◆ **What the exercise asks**
Given the material below, return only the lines starting at the line with "Sri Avanthi Silks" and ending at the line with "Molecular Detection of", exactly as they appear.

◆ **Provided data**
>>>

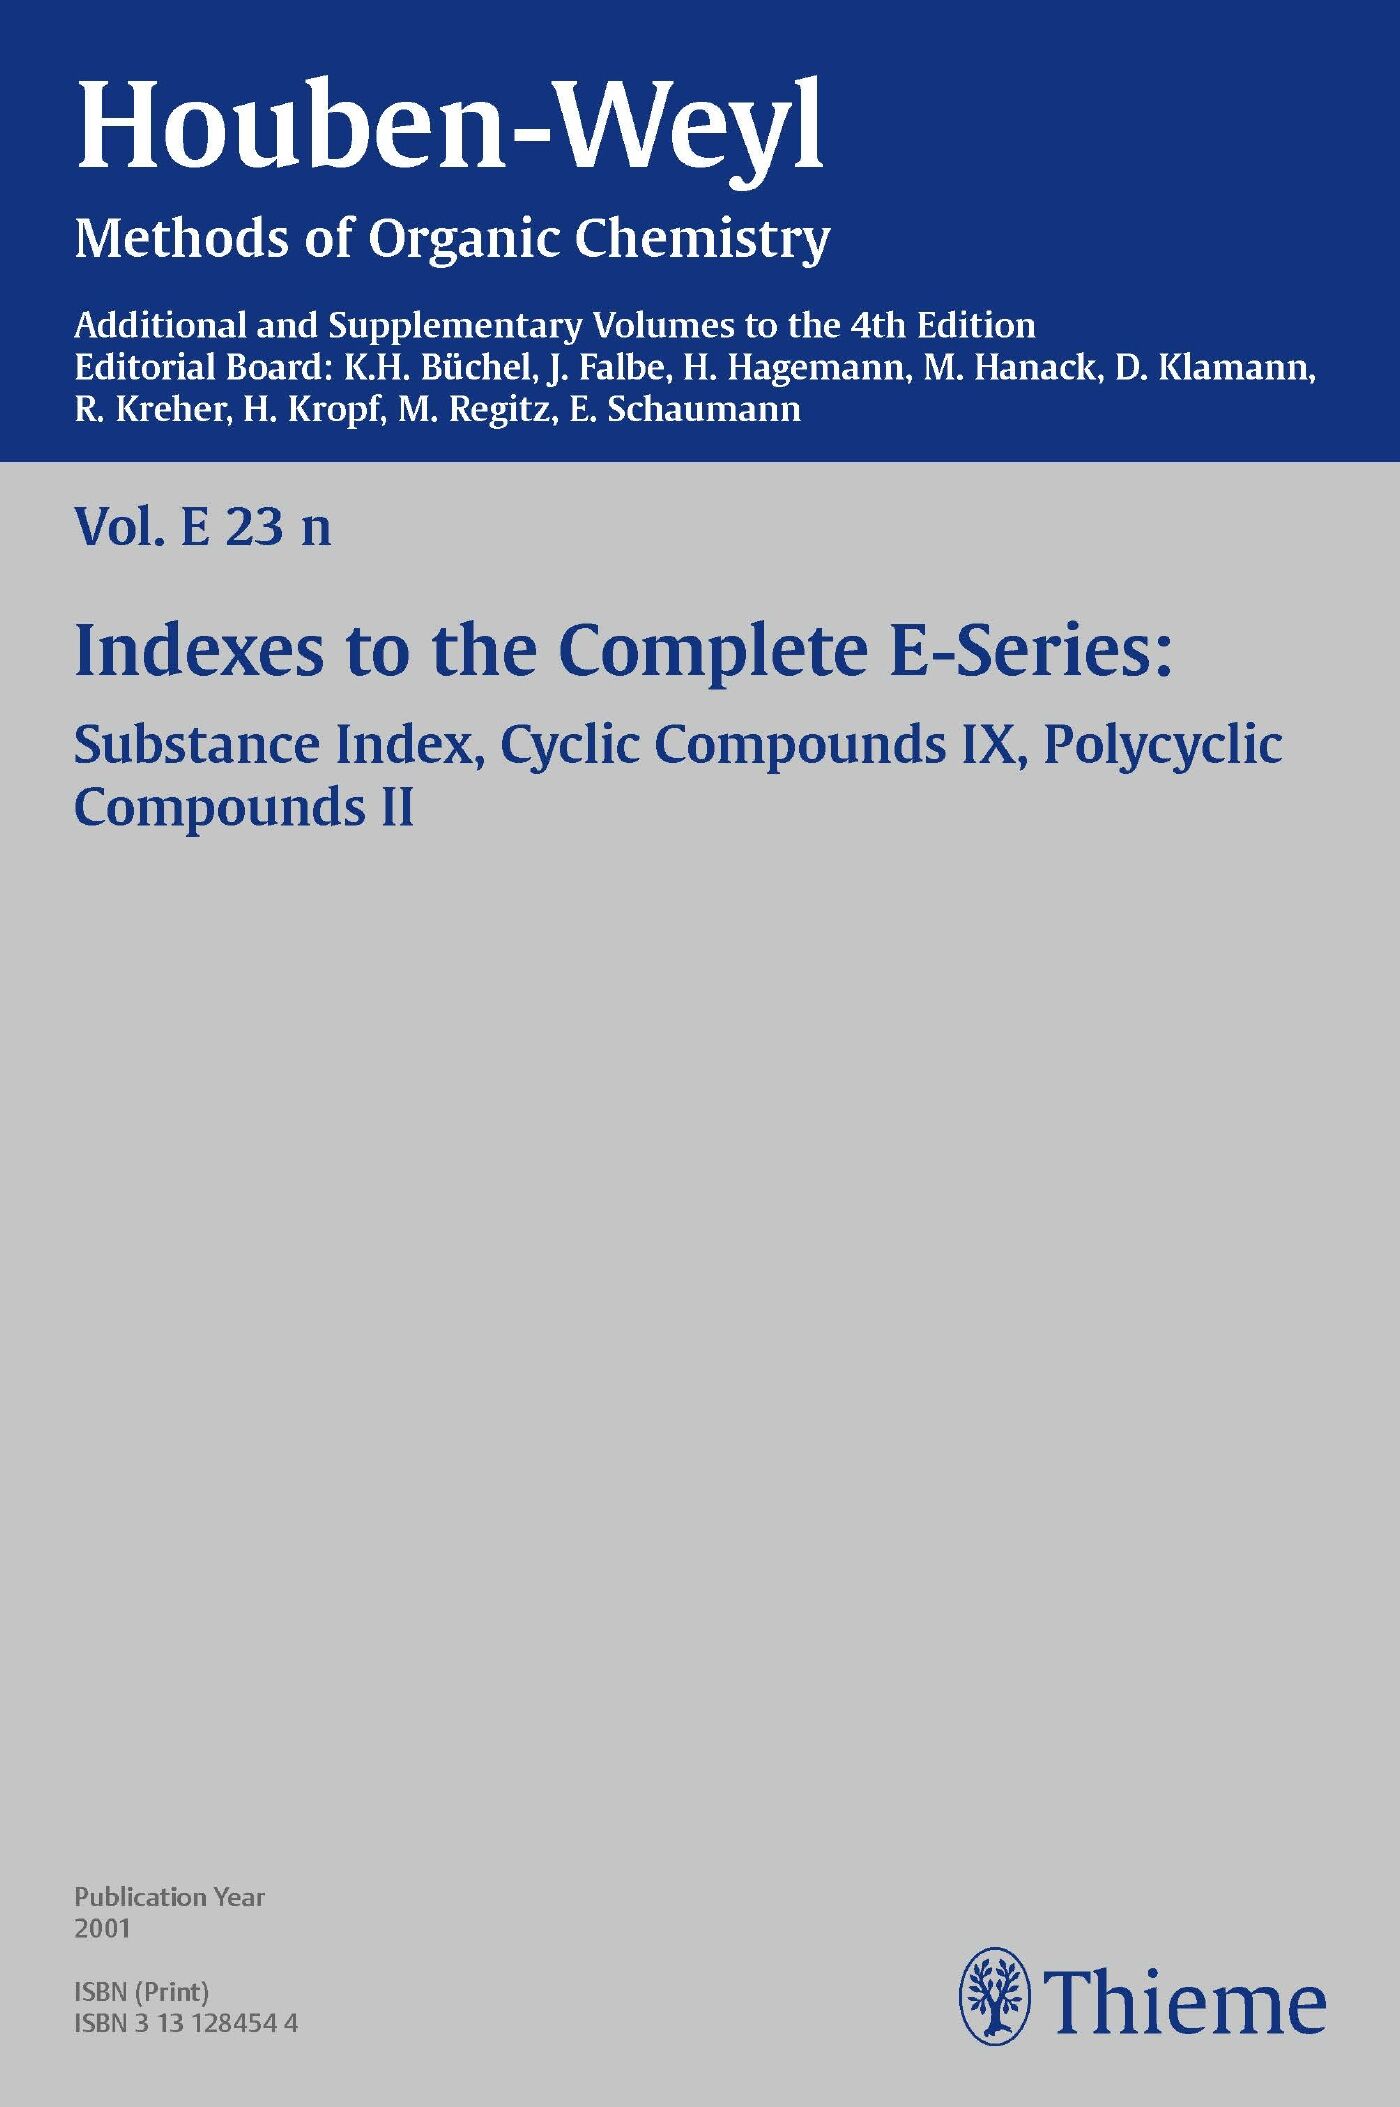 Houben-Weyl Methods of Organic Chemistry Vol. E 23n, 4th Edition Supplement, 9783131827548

<<<
>>>

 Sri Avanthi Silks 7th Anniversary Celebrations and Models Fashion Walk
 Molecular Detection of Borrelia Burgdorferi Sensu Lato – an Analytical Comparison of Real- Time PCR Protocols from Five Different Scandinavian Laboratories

<<<

◆ **Solved problem**
 Sri Avanthi Silks 7th Anniversary Celebrations and Models Fashion Walk
 Molecular Detection of Borrelia Burgdorferi Sensu Lato – an Analytical Comparison of Real- Time PCR Protocols from Five Different Scandinavian Laboratories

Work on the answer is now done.